Dataset entries:

****************

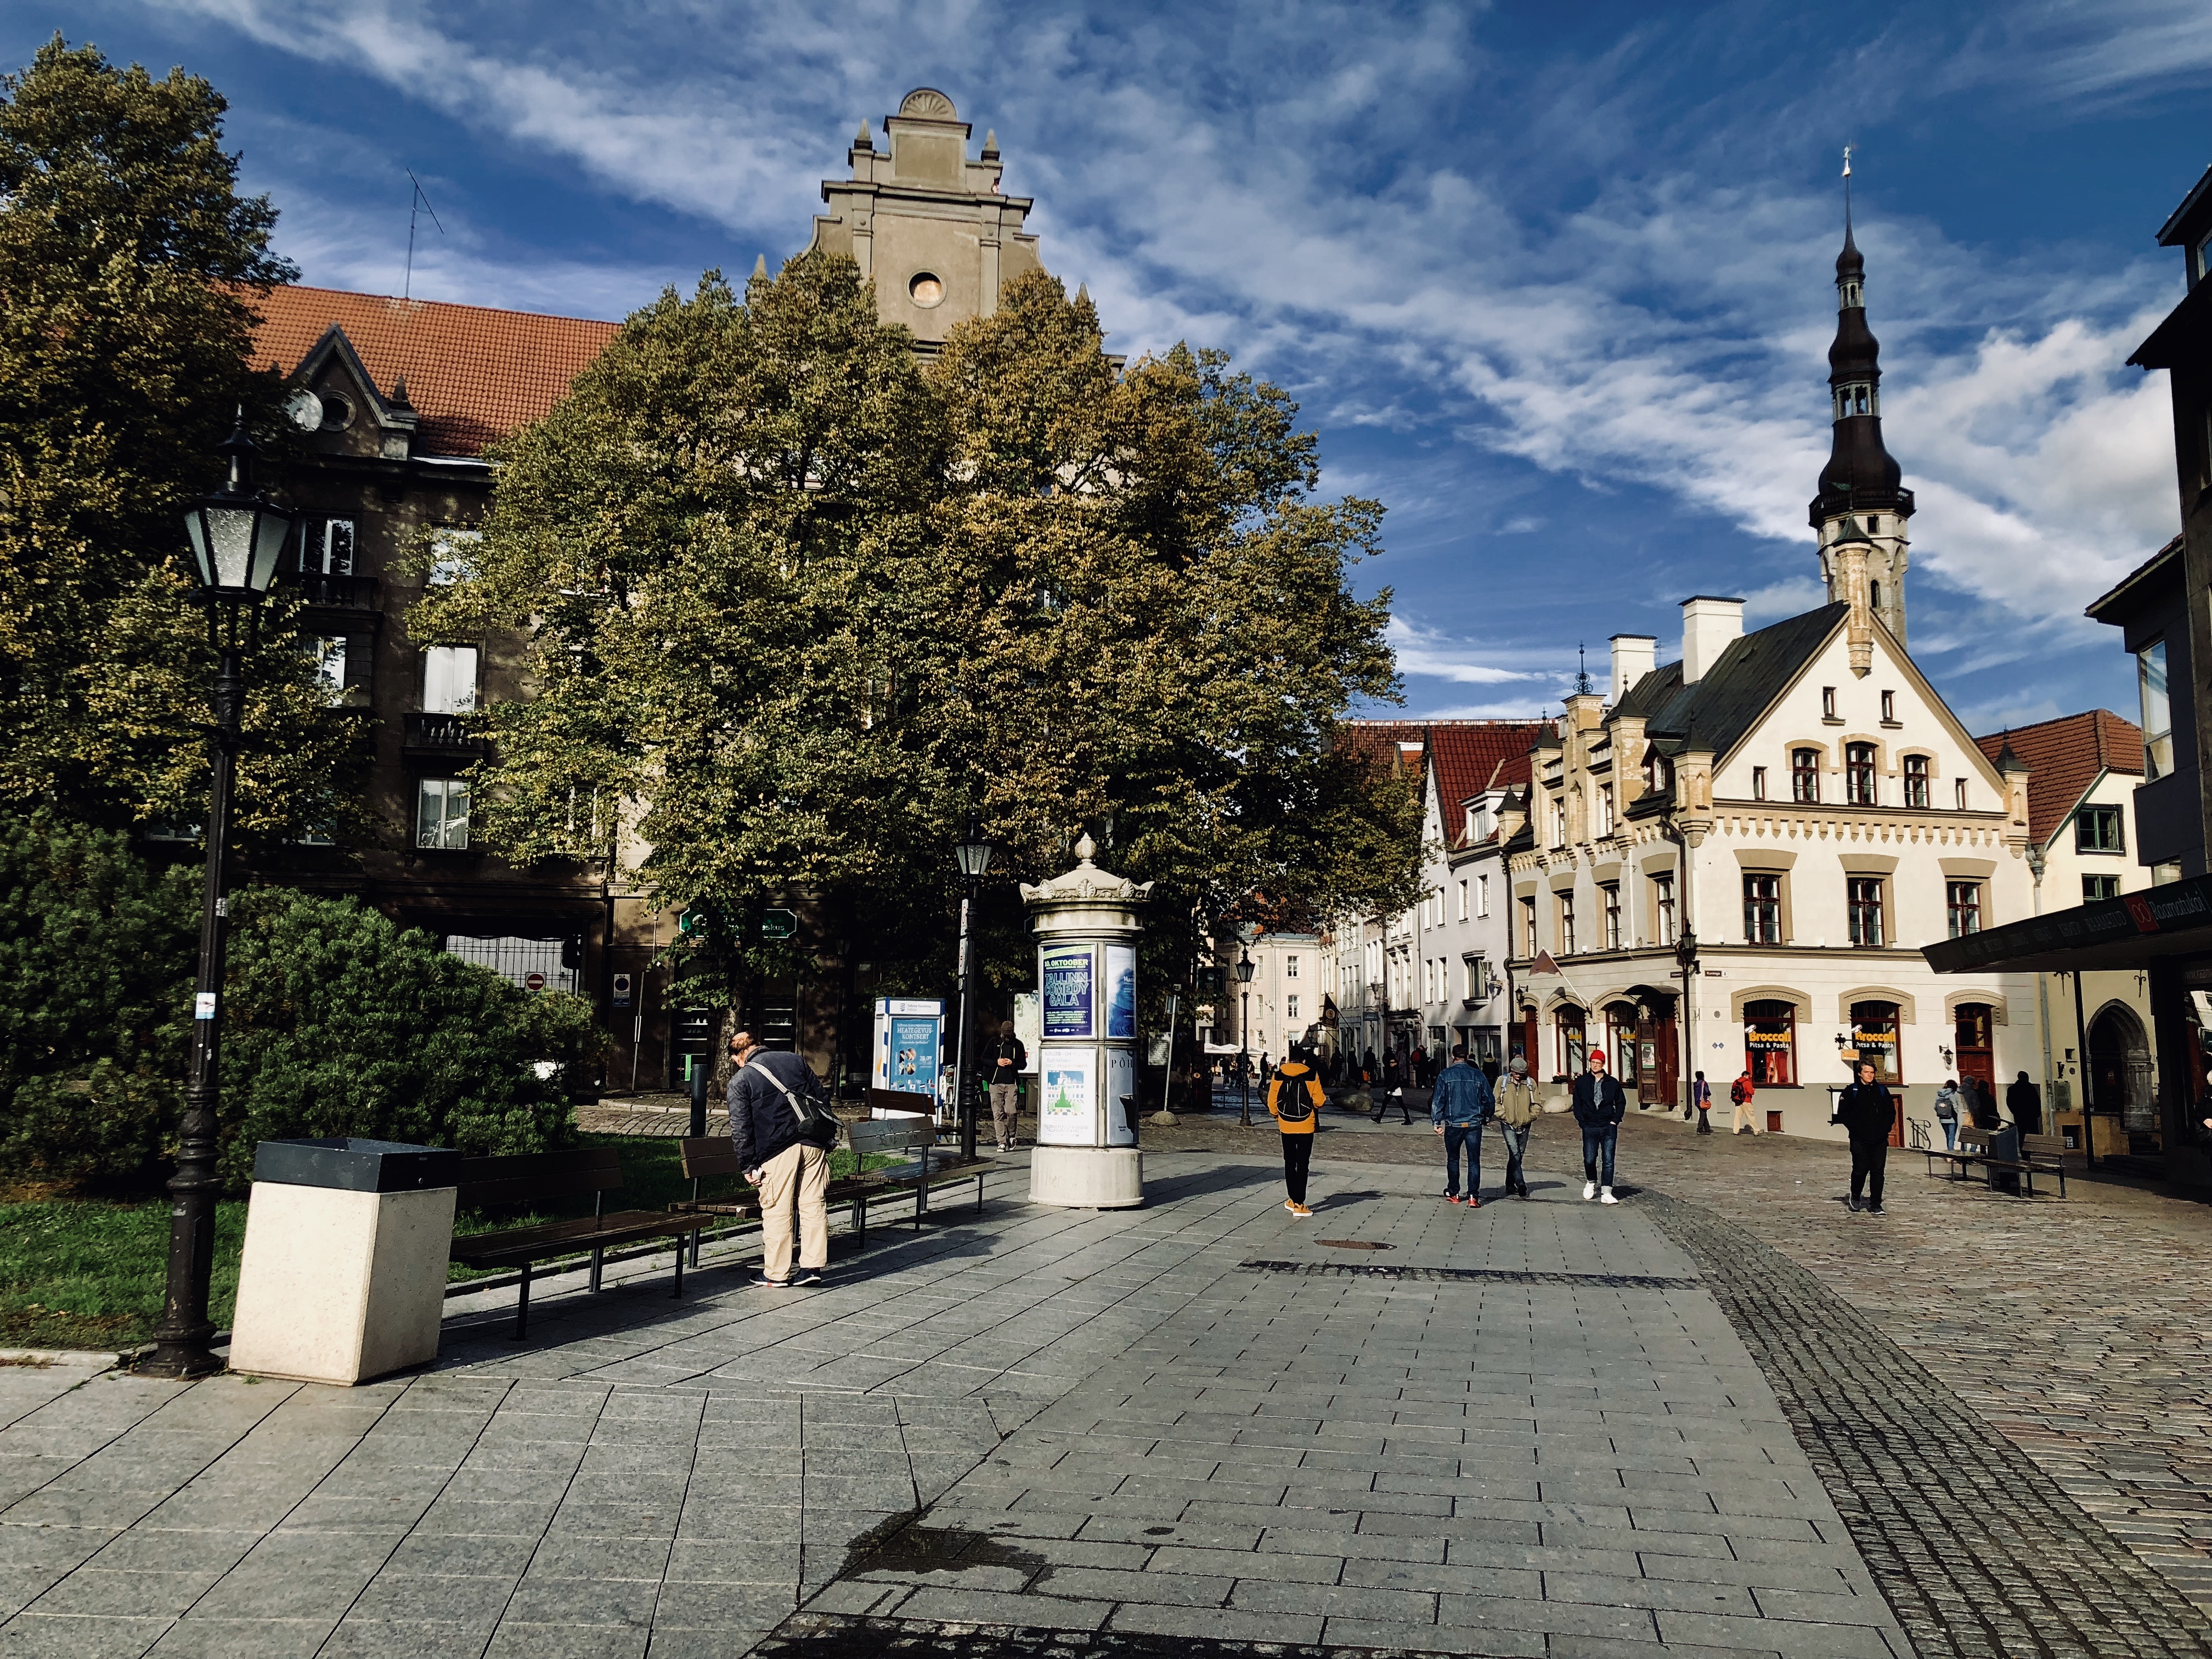 Travel Diary 48 Stunden in Tallinn
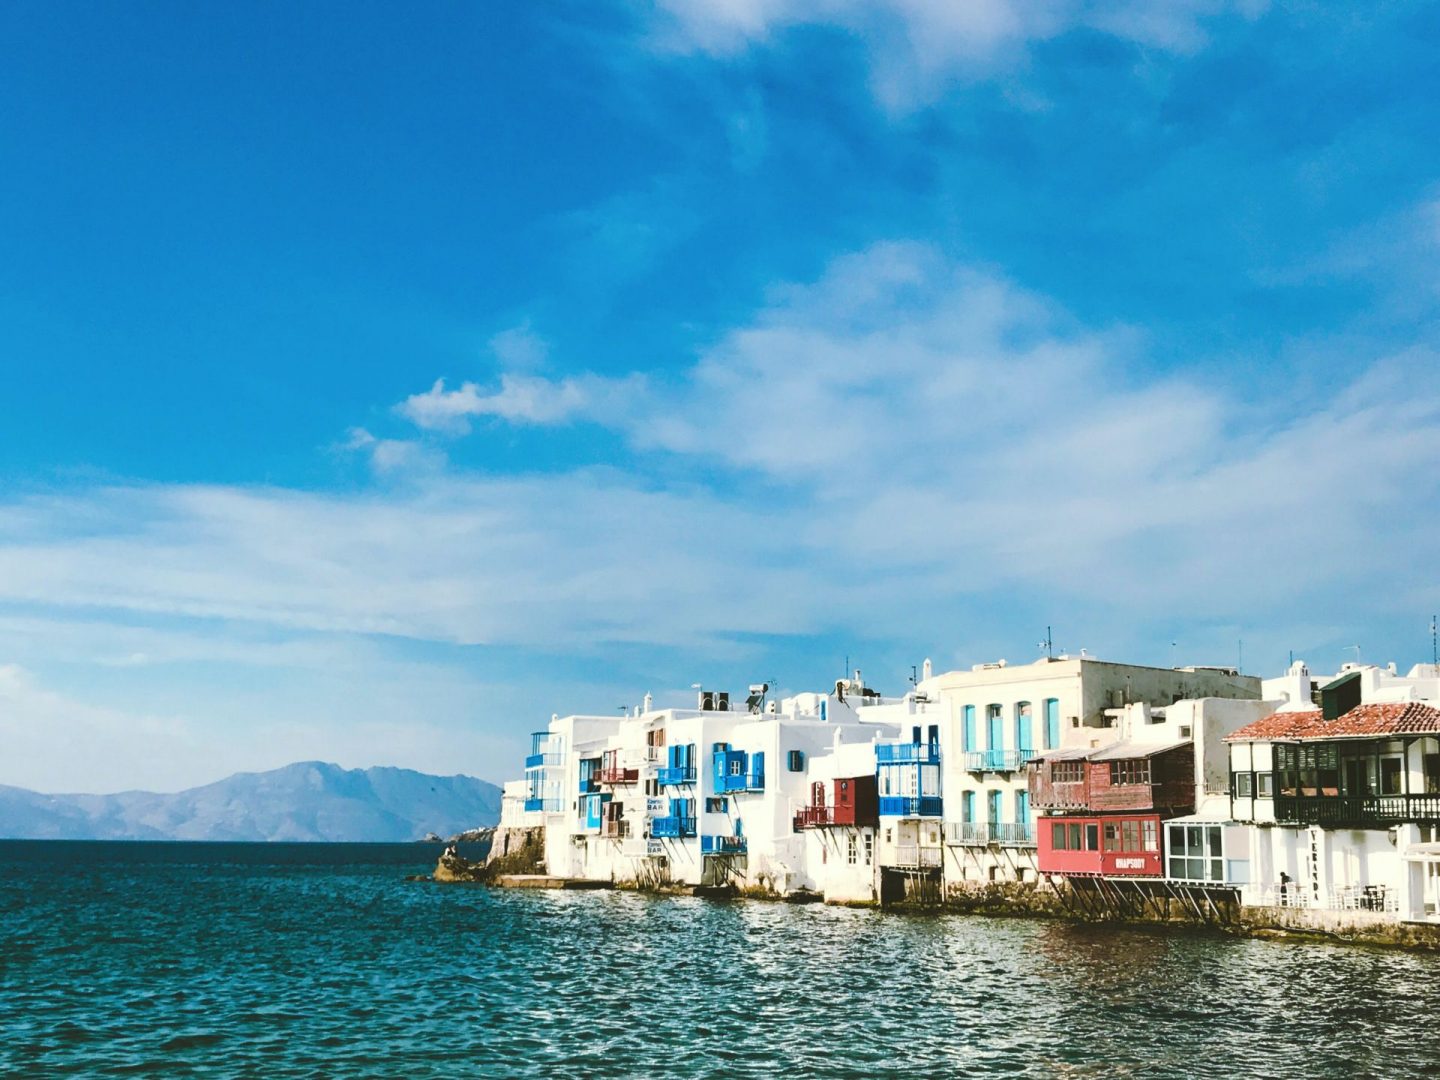 World's best party islands: Mykonos, Greece
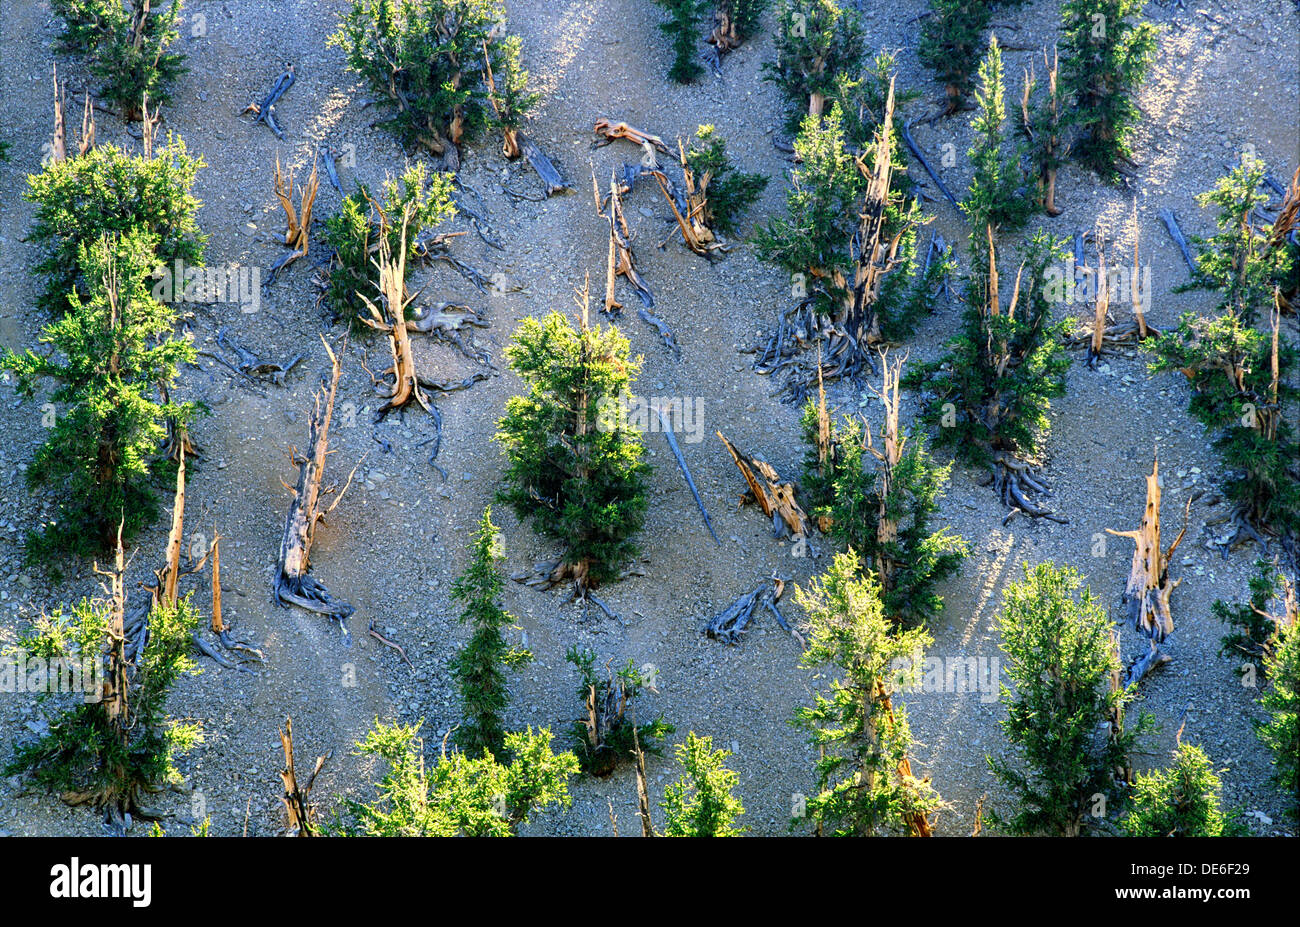 Bristlecone pine trees dans Inyo National Forest Park, près de Big Pine, Californie, USA. L'un des plus anciens organismes vivants sur Terre Banque D'Images
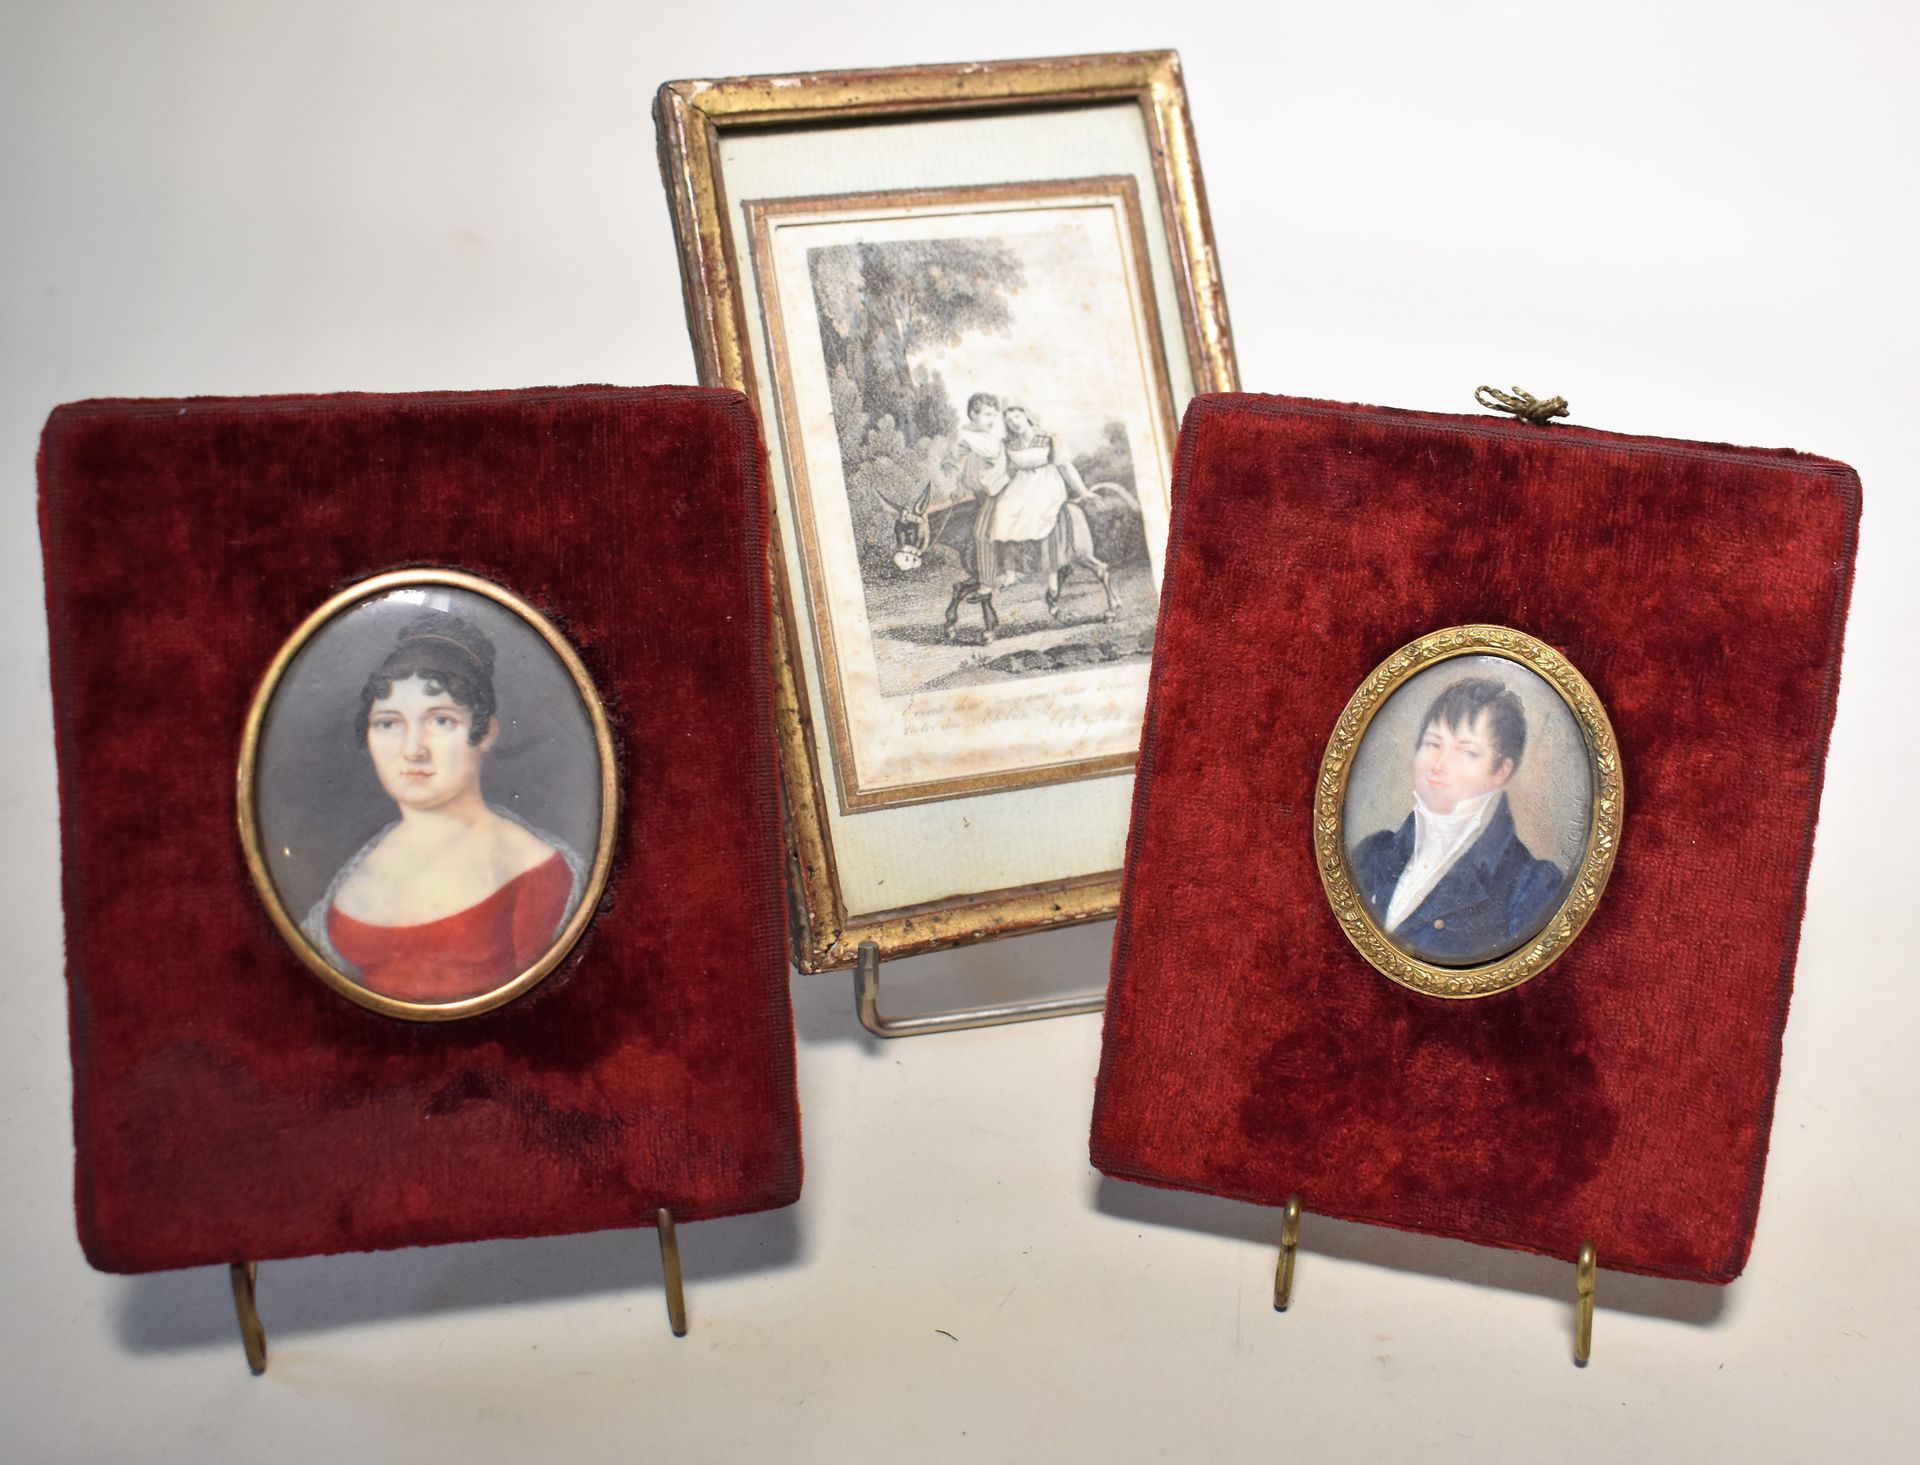 Null 两幅小型画：右下角有签名的男子肖像和穿红衣服的女子肖像。19世纪。高度：5和7厘米

附：一个有框的VIGNETTE。

交付给书房的地段

****************

AIM OF THE TASK
When you reach the line that contains "Null 两幅小型画：右下角", start reproducing, and continue word for word to the end of the records; skip all pictures.

TASK RESULT
 Null 两幅小型画：右下角有签名的男子肖像和穿红衣服的女子肖像。19世纪。高度：5和7厘米

附：一个有框的VIGNETTE。

交付给书房的地段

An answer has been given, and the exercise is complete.